NetCDF
4.8.1
|
NetCDF-4 allows some interoperability with HDF5.
The HDF5 Files produced by netCDF-4 are perfectly respectable HDF5 files, and can be read by any HDF5 application.
NetCDF-4 relies on several new features of HDF5, including dimension scales. The HDF5 dimension scales feature adds a bunch of attributes to the HDF5 file to keep track of the dimension information.
It is not just wrong, but wrong-headed, to modify these attributes except with the HDF5 dimension scale API. If you do so, then you will deserve what you get, which will be a mess.
Additionally, netCDF stores some extra information for dimensions without dimension scale information. (That is, a dimension without an associated coordinate variable). So HDF5 users should not write data to a netCDF-4 file which extends any unlimited dimension, or change any of the extra attributes used by netCDF to track dimension information.
Also there are some types allowed in HDF5, but not allowed in netCDF-4 (for example the time type). Using any such type in a netCDF-4 file will cause the file to become unreadable to netCDF-4. So don't do it.
NetCDF-4 ignores all HDF5 references. Can't make head nor tail of them. Also netCDF-4 assumes a strictly hierarchical group structure. No looping, you weirdo!
Attributes can be added (they must be one of the netCDF-4 types), modified, or even deleted, in HDF5.
Assuming a HDF5 file is written in accordance with the netCDF-4 rules (i.e. no strange types, no looping groups), and assuming that every dataset has a dimension scale attached to each dimension, the netCDF-4 API can be used to read and edit the file, quite easily.
In HDF5 (version 1.8.0 and later), dimension scales are (generally) 1D datasets, that hold dimension data.

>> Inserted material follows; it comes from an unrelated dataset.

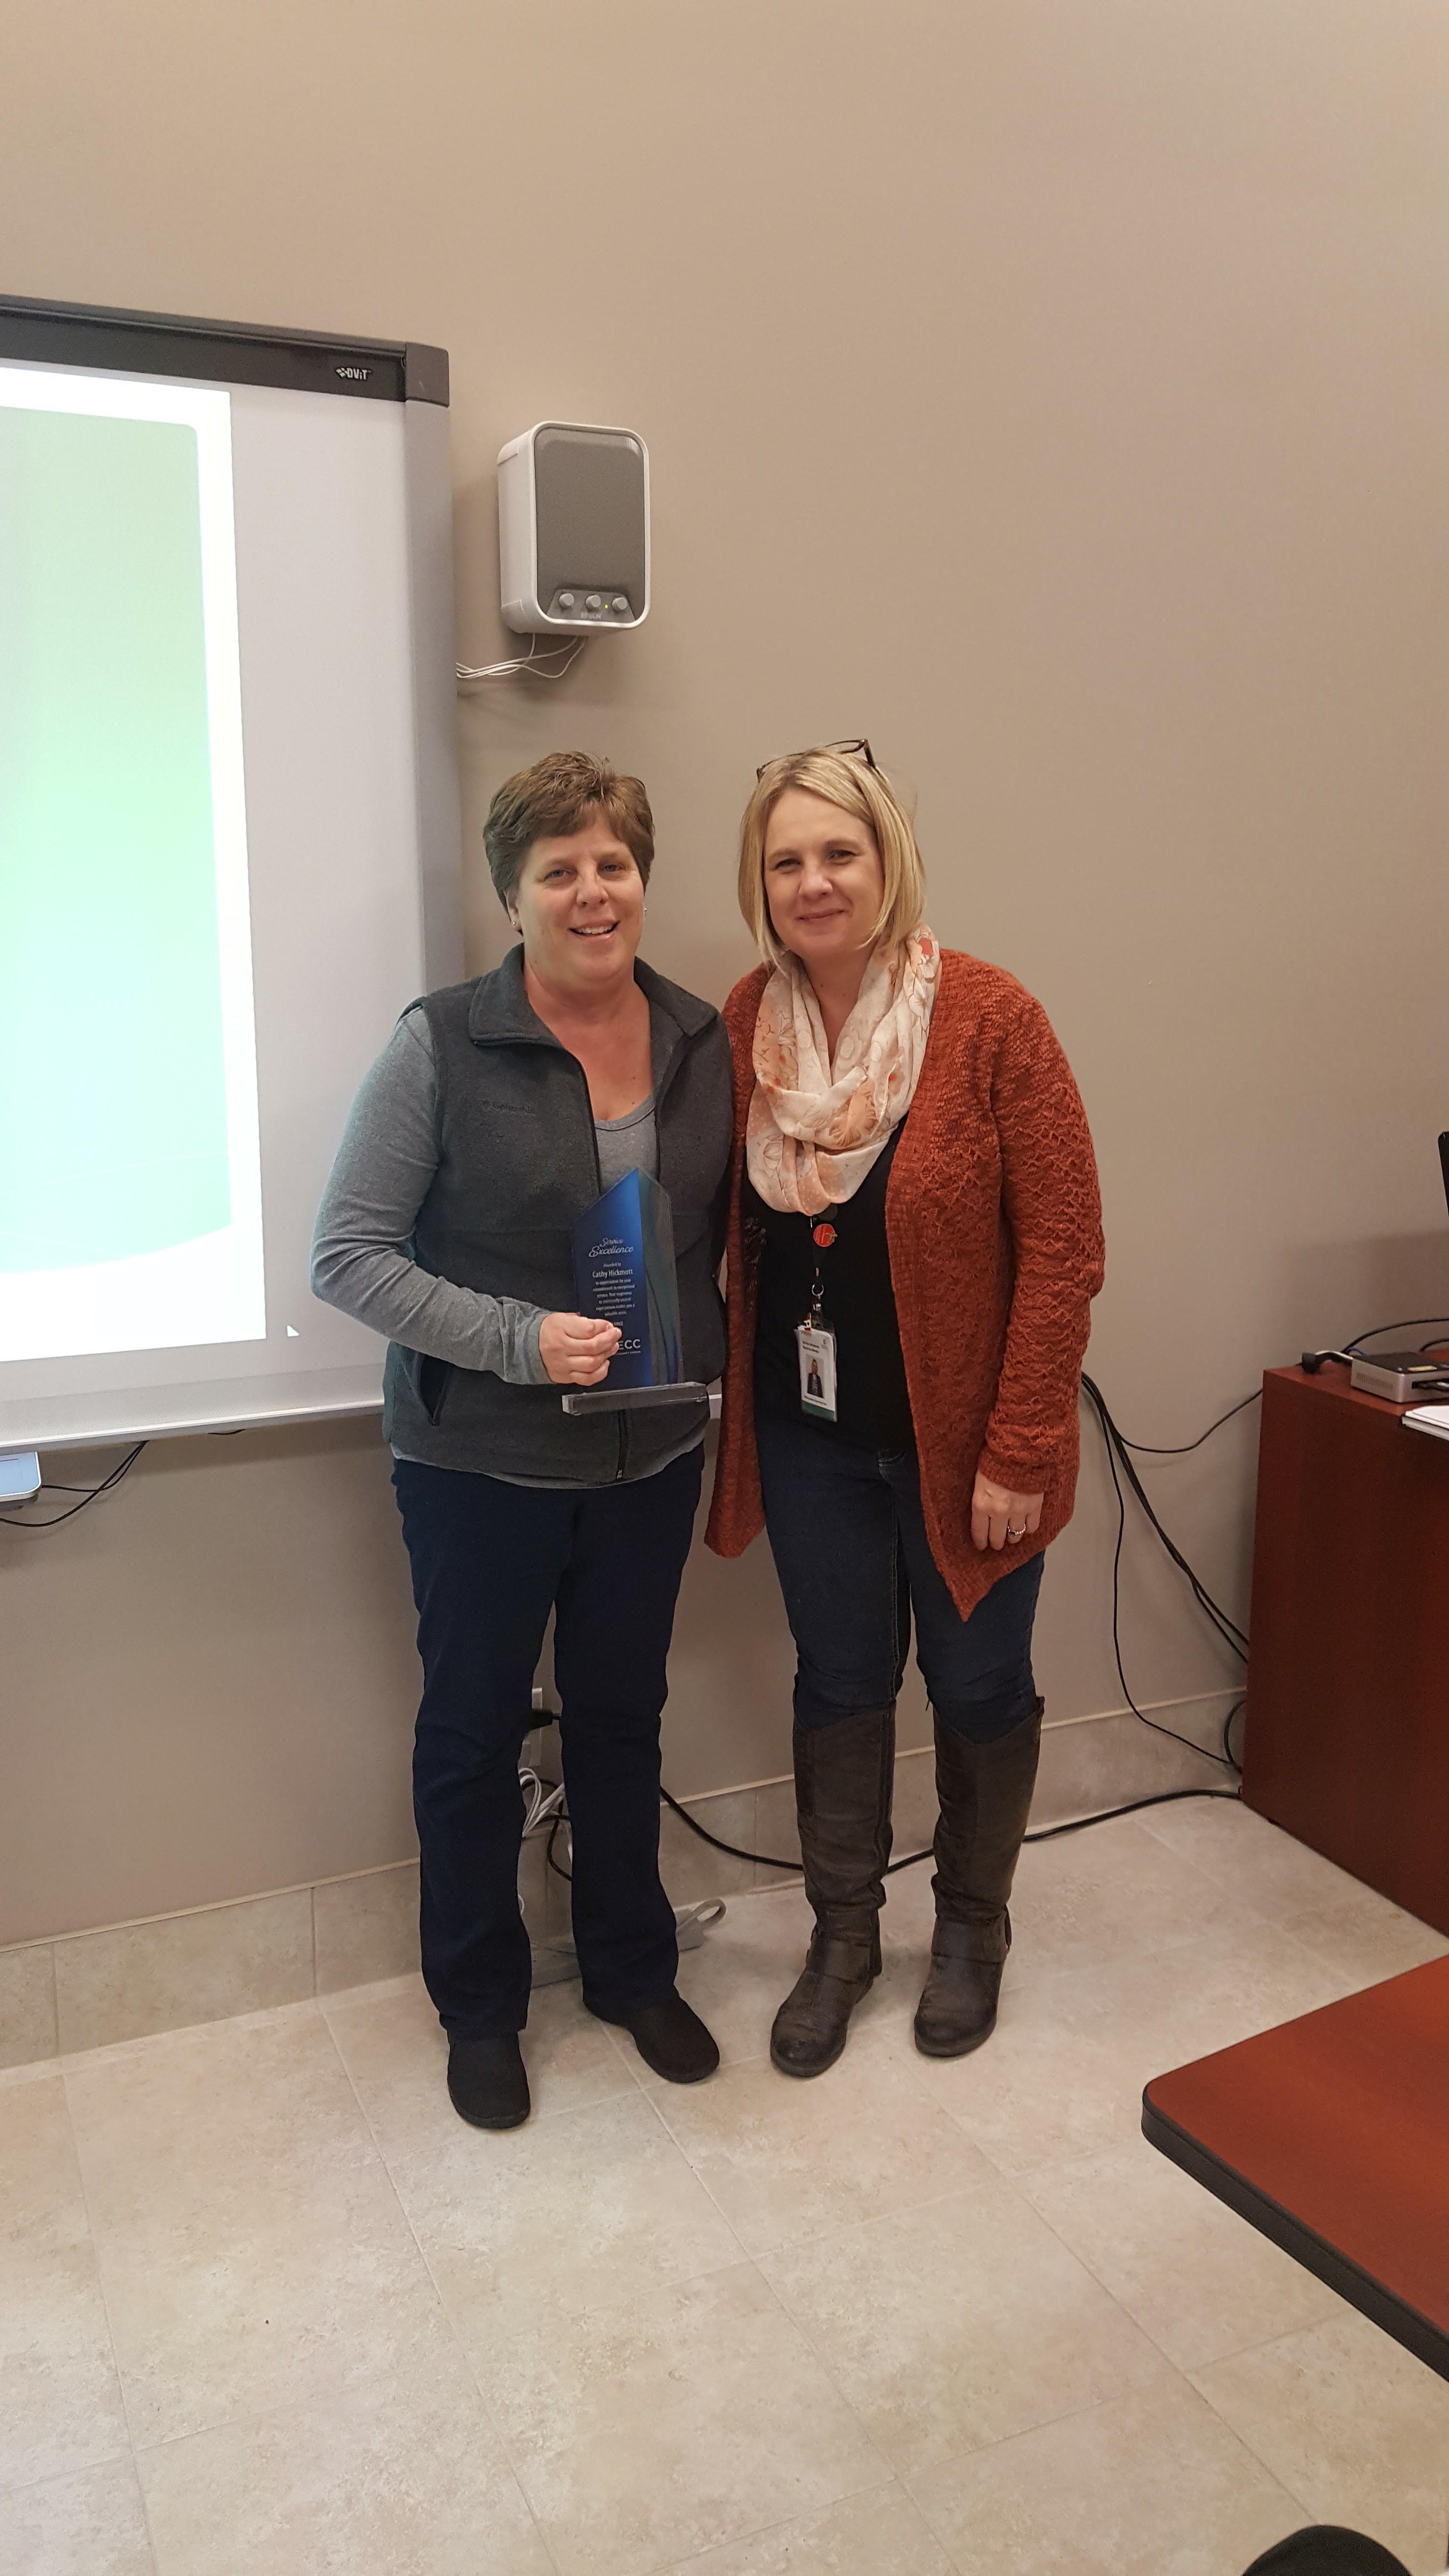 Kathy - Service Award

A multi-dimensional dataset can then attach a dimension scale to any or all of its dimensions. For example, a user might have 1D dimension scales for lat and lon, and a 2D dataset which has lat attached to the first dimension, and lon to the second.

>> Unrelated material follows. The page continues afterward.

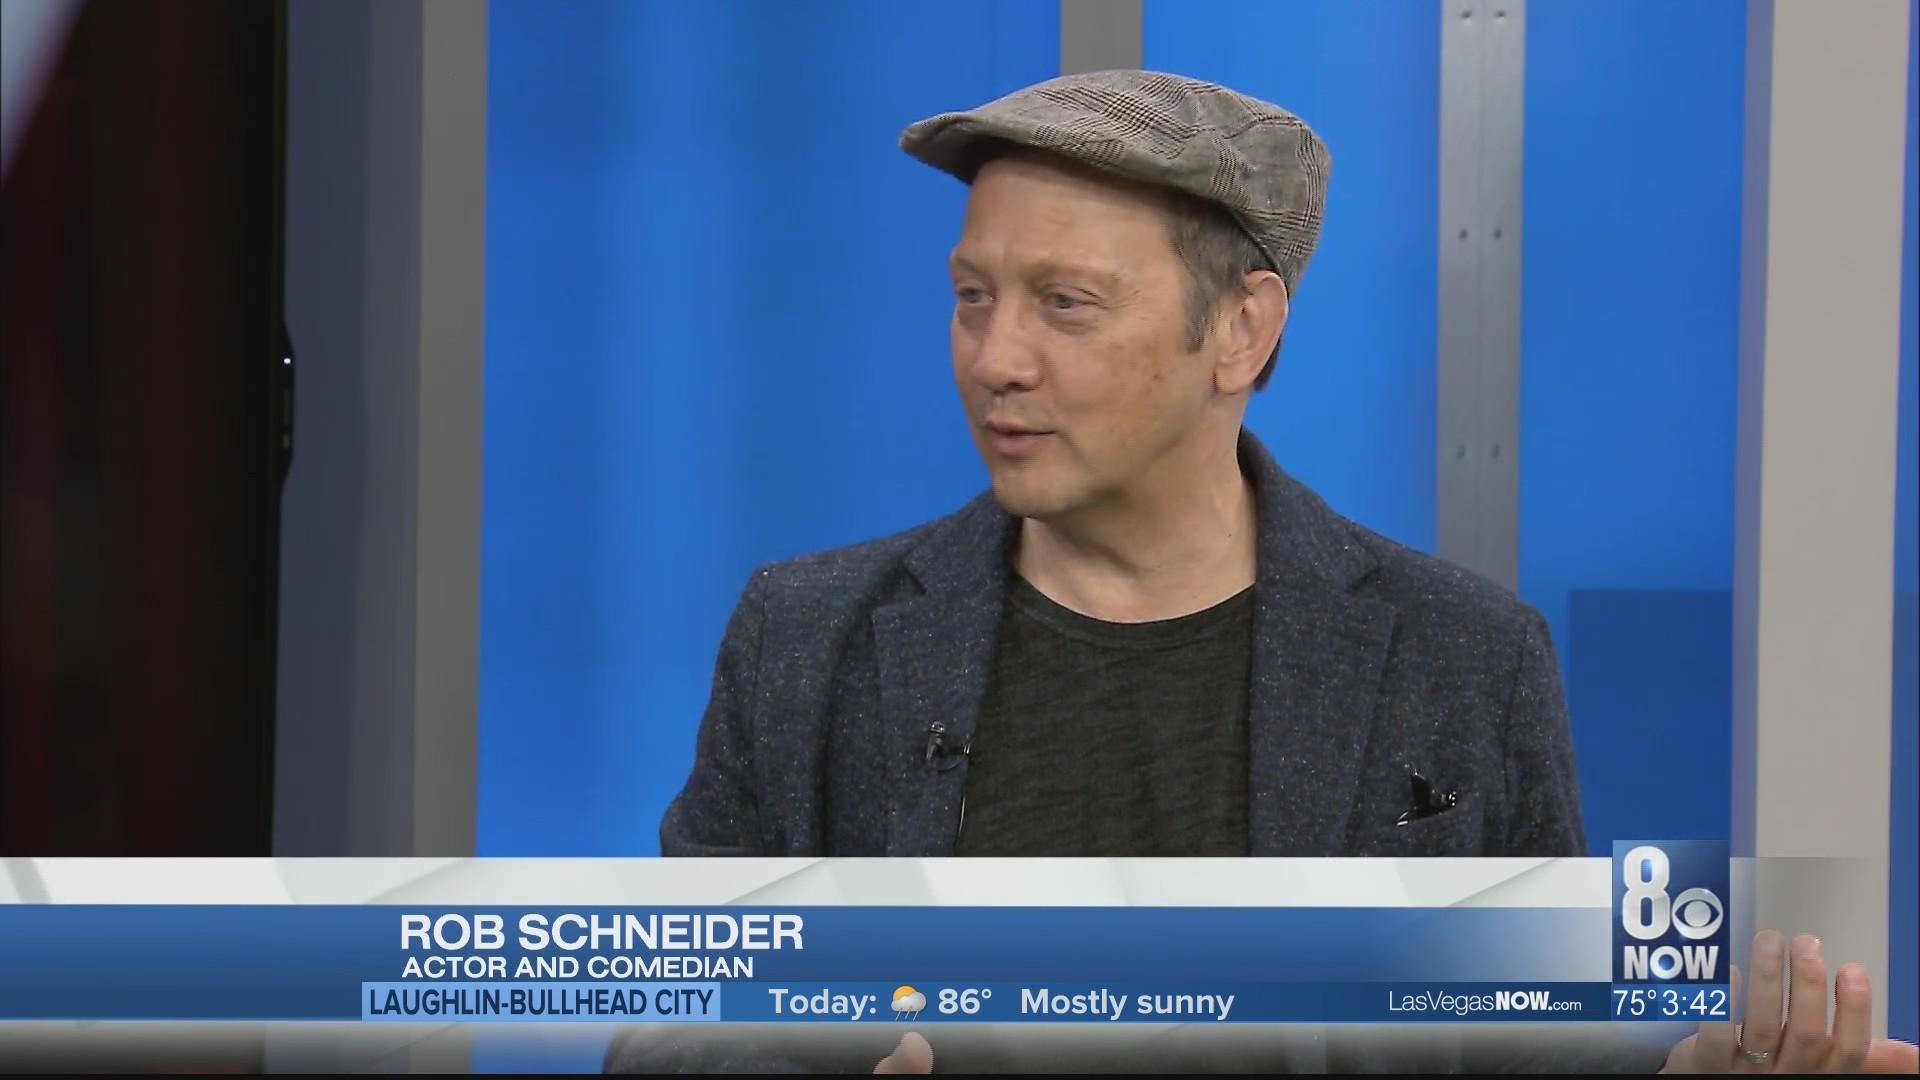 Rob Schneider visits Las Vegas Now

If dimension scales are not used, then netCDF-4 can still edit the file, and will invent anonymous dimensions for each variable shape. This is done by iterating through the space of each dataset. As each space size is encountered, a phony dimension of that size is checked for. It it does not exist, a new phony dimension is created for that size. In this way, a HDF5 file with datasets that are using shared dimensions can be seen properly in netCDF-4. (There is no shared dimension in HDF5, but data users will freqently write many datasets with the same shape, and intend these to be shared dimensions.)
Starting with version 4.7.3, if a dataset is encountered with uses the same size for two or more of its dataspace lengths, then a new phony dimension will be created for each. That is, a dataset with size [100][100] will result in two phony dimensions, each of size 100.